I. Requirements Analysis
The rapid advancement of quantum computing poses a serious threat to existing cryptographic technologies. Guided by the strategic requirements of the global energy internet, the power industry adheres to the principles of "security zoning, dedicated networks, horizontal isolation, and vertical authentication." It has issued the "Notice on Matters Decided for Research and Application of Quantum Communication Technology," committing to explore the application of quantum communication technology to achieve technological upgrades and ensure network information security.
Quantum cryptography leverages the principles of quantum mechanics—specifically the no-cloning theorem and the uncertainty principle—to transmit cryptographic information via single photons. Through quantum channels, it enables secure key distribution between authorized users. Unlike public-key cryptosystems, its security is grounded in fundamental laws of quantum physics rather than computational complexity, earning it the designation of unconditional security. This technology provides us with a means of secure, confidential communication that is impervious to eavesdropping and unbreakable.
II. Working Principle
The Gigabit Quantum Key Distribution Terminal is a specialized device for implementing quantum cryptography technology. It employs the internationally recognized Faraday-Michelson (F-1) phase encoding scheme, which has secured patents in China, the United States, Japan, and other countries, along with the First Prize for Technological Invention from the Ministry of Education. This scheme represents the most stable quantum cryptographic communication solution currently available globally. This device utilizes the quantum state properties of light for key negotiation, enabling on-demand, real-time, high-speed, and secure key distribution over long-distance fiber optic links. It provides key read interfaces for upper-layer applications. With a trigger frequency reaching 1GHz, it serves as a core component in wide-area quantum secure communication backbone networks.

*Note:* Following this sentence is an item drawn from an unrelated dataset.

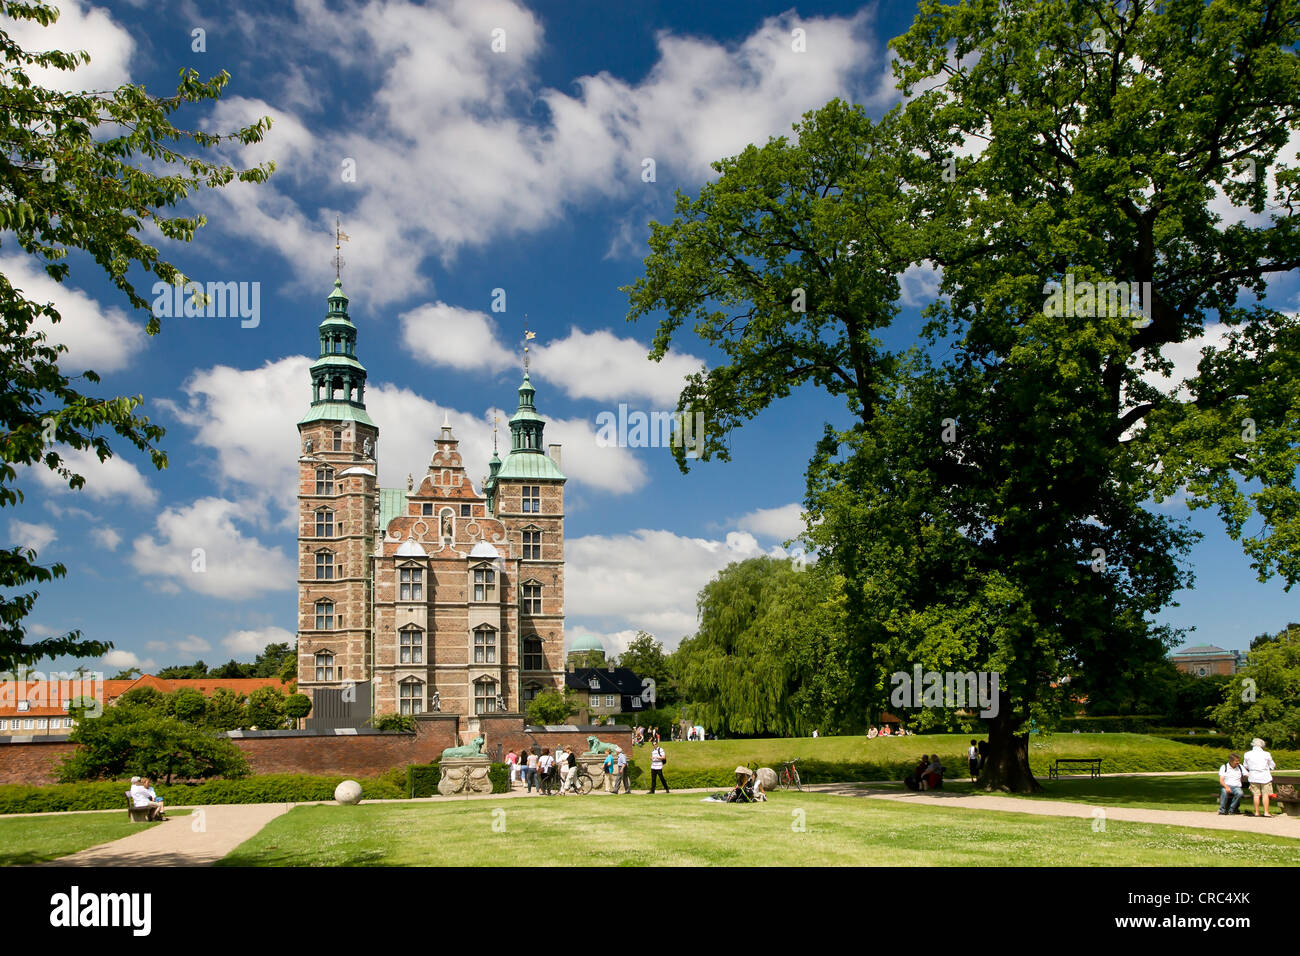 Rosenborg Castle, Copenhagen, Denmark, Europe Stock Photo

III. Features and Functions
1. Repetition frequency: 1 GHz;
2. Communication distance reaches hundreds of kilometers;
3. Directly utilize existing fiber optic network resources to support intelligent key service centers;
4. BB84 key distribution technology with deception mode, real-time line attack detection;
5. F-phase encoding scheme, completely immune to line disturbances.
IV. Typical Applications
1. Secure Communication for Power Dispatch Command Systems: Ensures secure transmission of commands between multi-level dispatch centers (National Dispatch - Regional Dispatch - Provincial Dispatch - Local Dispatch - County Dispatch), preventing command tampering and theft under quantum computing attacks; implements "one-time password" encryption for dispatch work orders and incident handling instructions to guarantee stable grid operation; Protect "four remote functions" (remote measurement, remote signaling, remote control, remote adjustment) data within SCADA systems to prevent hijacking of control commands; provide quantum security for stability control devices and PMUs (Phasor Measurement Units) to ensure grid dynamic monitoring data remains tamper-proof.
2. Substation Security Protection and Monitoring: Encrypt measurement and control signals between substations to enable quantum-encrypted transmission of relay protection signals and stability control signals, preventing "false tripping" and "failure to trip." Protect IEC 61850 protocol communications in smart substations to prevent exploitation of protocol vulnerabilities.
3. New Energy Grid Integration Security Assurance: Secure transmission of aggregated distributed energy sources employs a two-stage quantum encryption approach—"aggregation-access": First, data from dispersed small hydropower stations is aggregated via wireless quantum encryption, then transmitted to the dispatch system through fiber-optic quantum encryption. This provides real-time data protection for intermittent power sources like wind and solar, ensuring new energy sources achieve "plug-and-play security."
4. Security Enhancement for Distribution Network Automation: Strengthen security for distribution terminals by providing quantum-secure services for FTUs (Feeder Terminals), DTUs (Data Terminals), and TTUs (Transformer Terminals). Implement end-to-end encryption between the automation master station and terminals via quantum VPN to safeguard fault location and isolation commands. Intelligent distributed FA (feeder automation) protection integrates quantum encryption with TSN (Time-Sensitive Networking) technology to achieve rapid fault location and isolation, ensuring power supply reliability.